-------- ENTRIES SUPPLIED

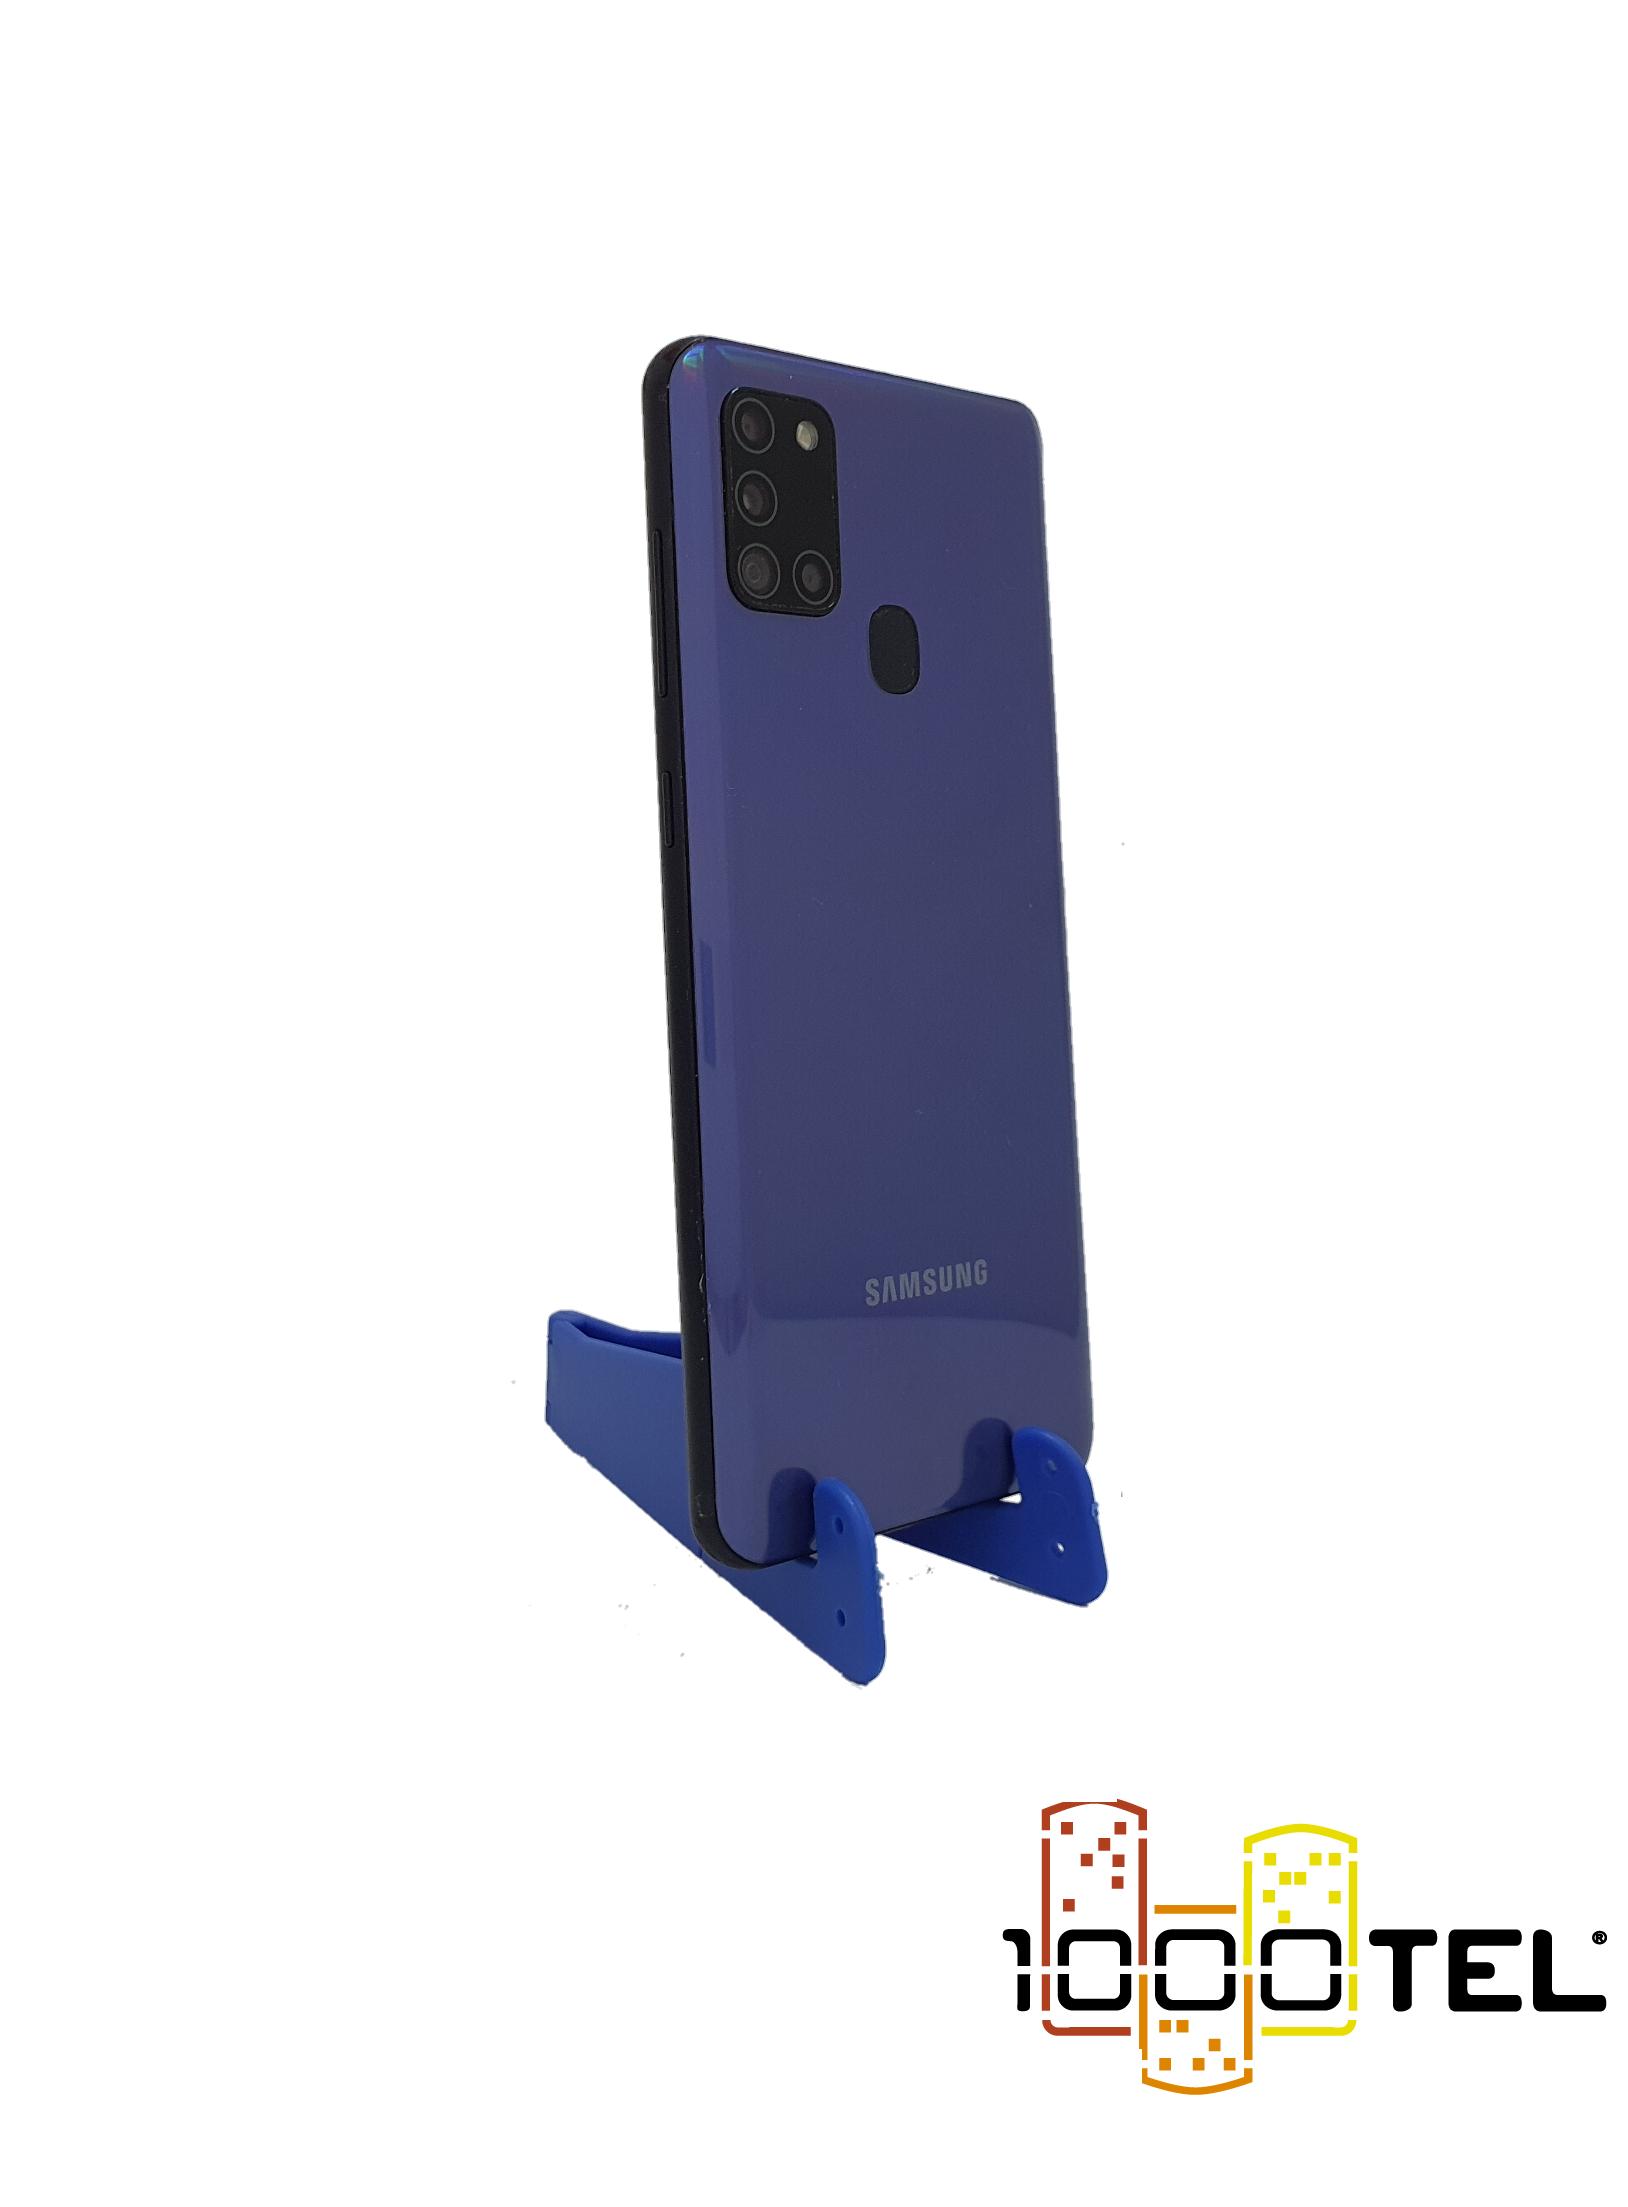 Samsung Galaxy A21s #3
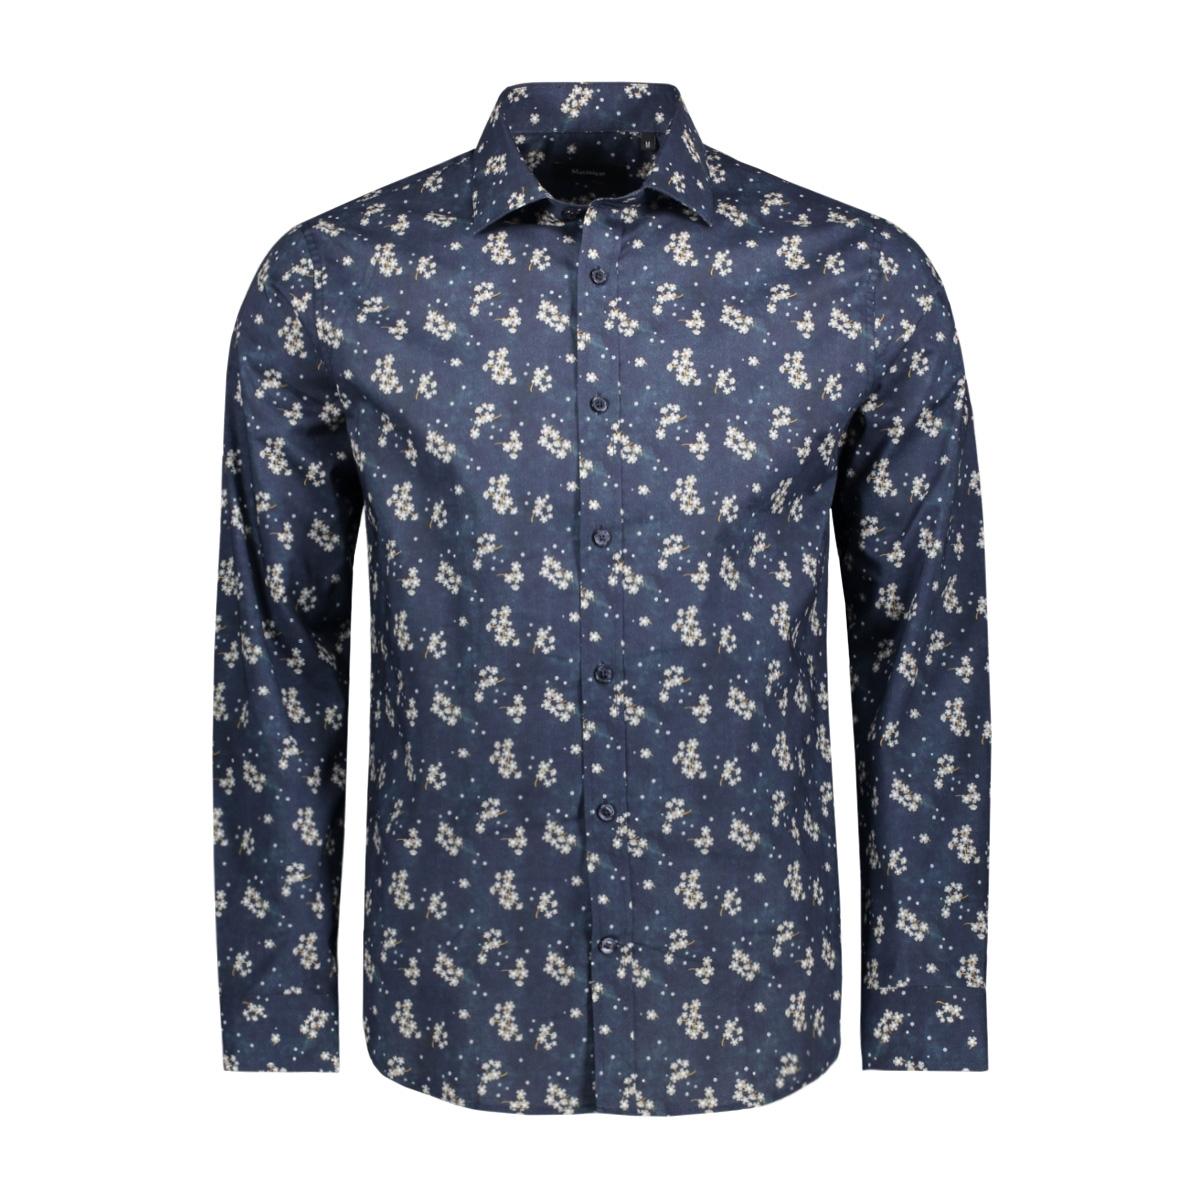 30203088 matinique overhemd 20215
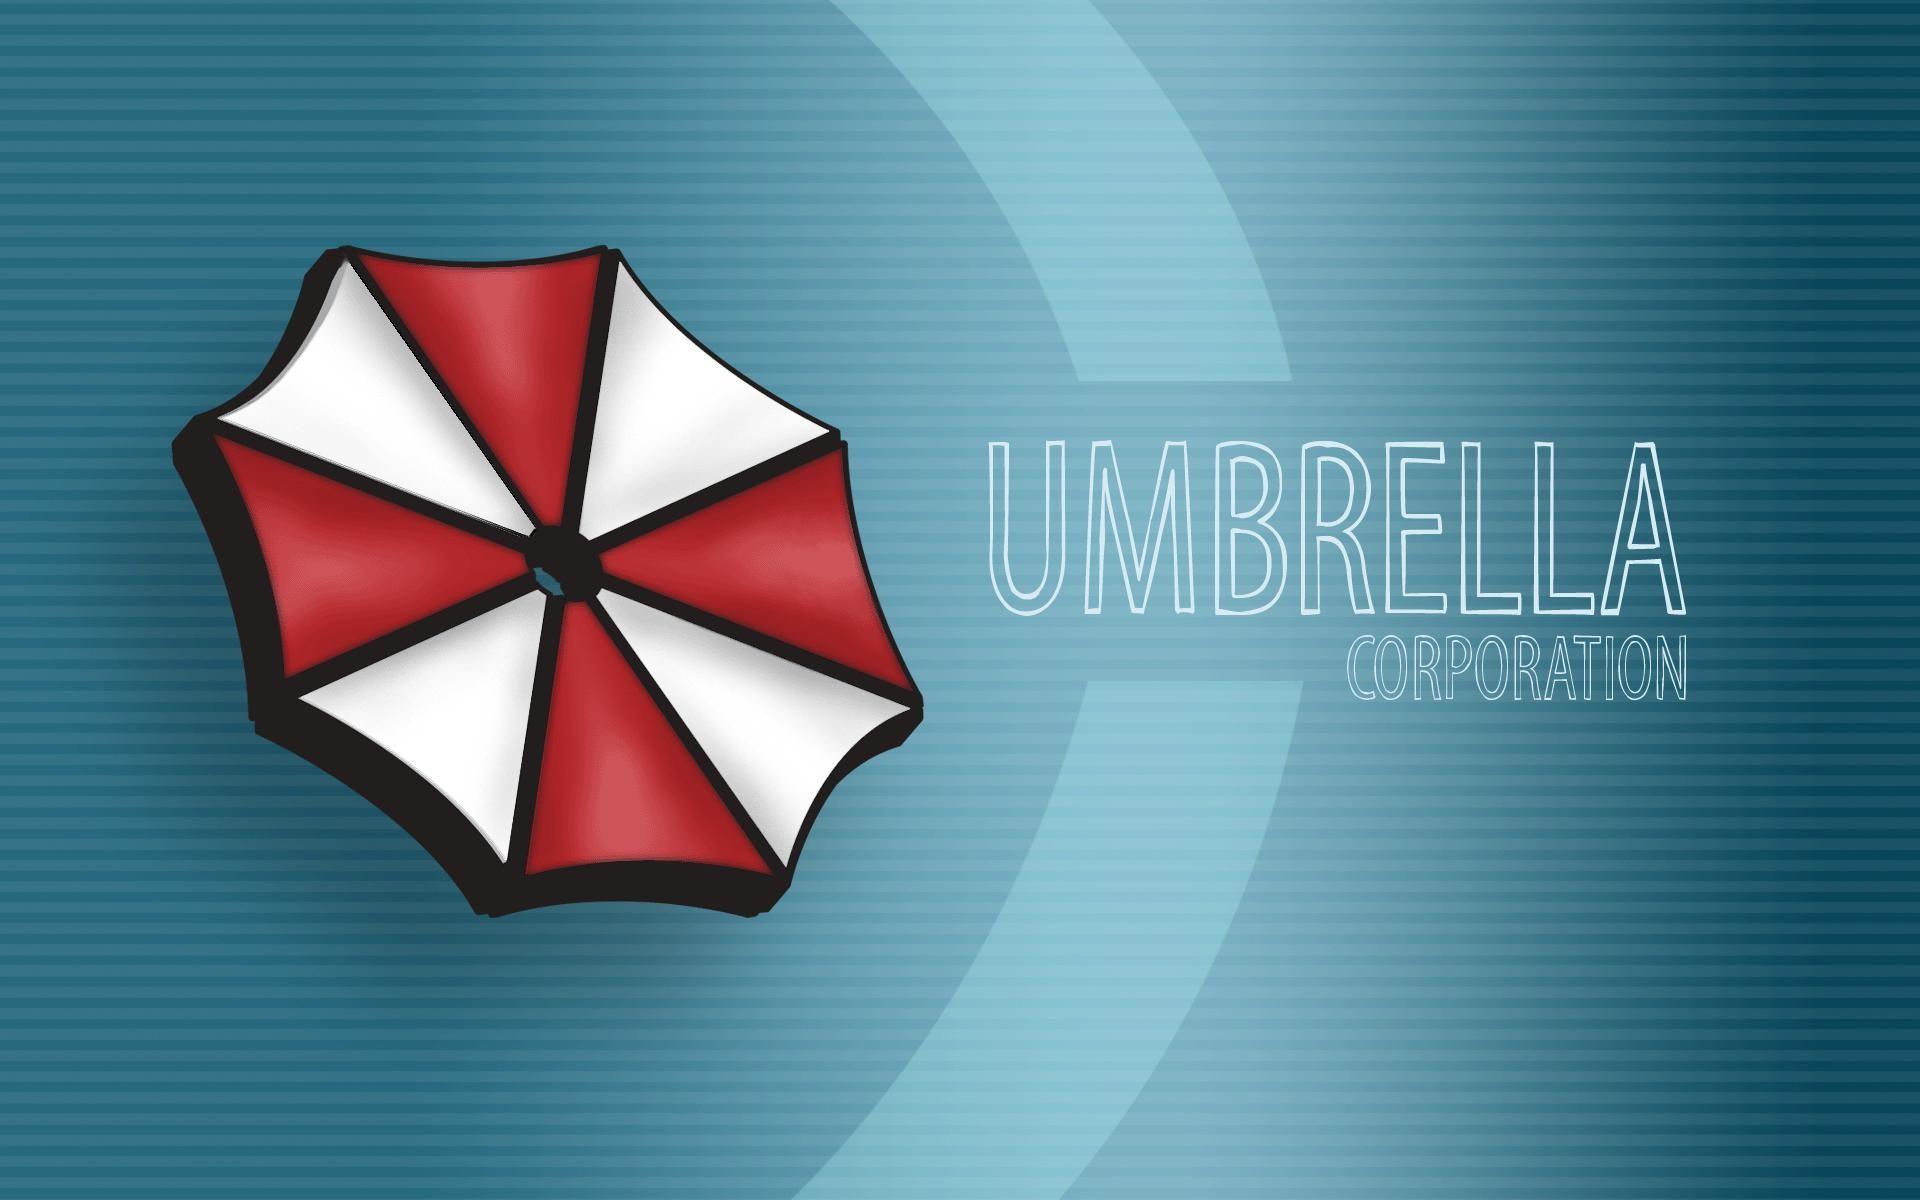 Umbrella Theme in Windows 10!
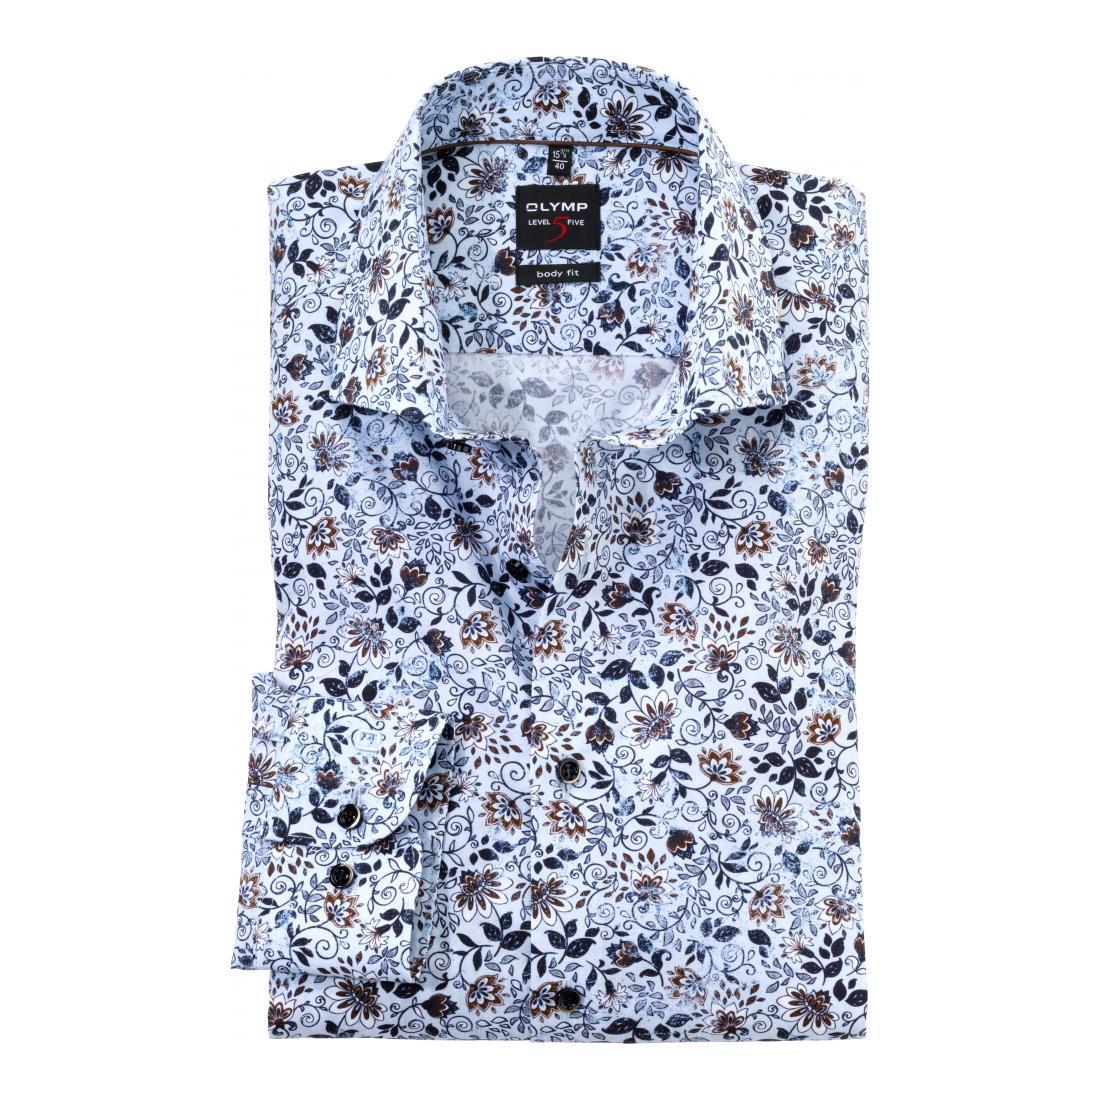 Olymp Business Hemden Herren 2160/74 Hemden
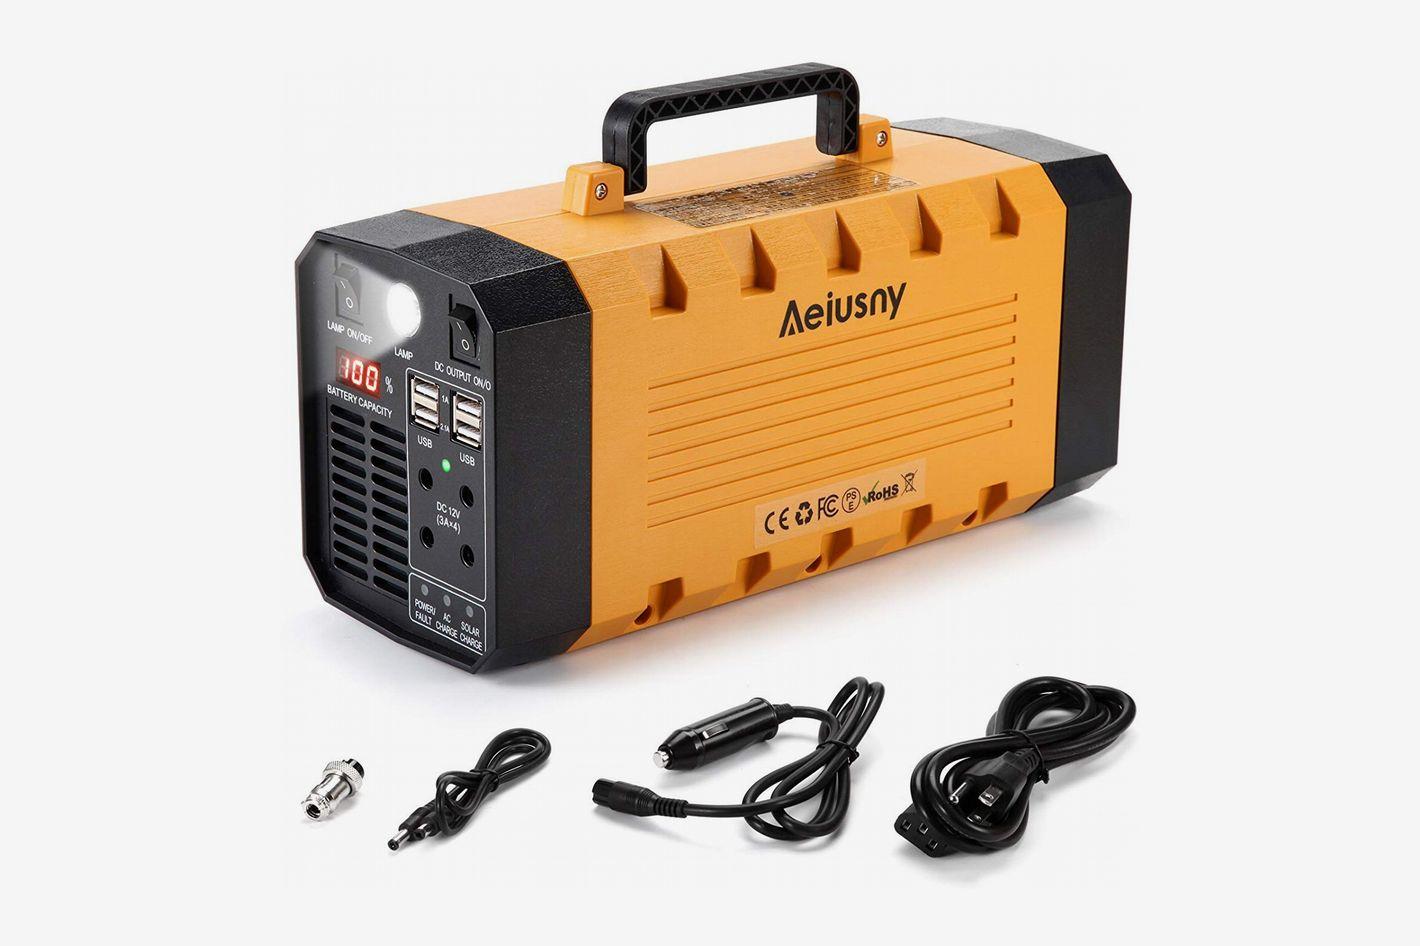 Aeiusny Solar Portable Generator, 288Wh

----------------

- **PROBLEM**: Repeat each record as given. No picture belongs in the copy.

- **PROBLEM SOLUTION**:
 Samsung Galaxy A21s #3
 30203088 matinique overhemd 20215
 Umbrella Theme in Windows 10!
 Olymp Business Hemden Herren 2160/74 Hemden
 Aeiusny Solar Portable Generator, 288Wh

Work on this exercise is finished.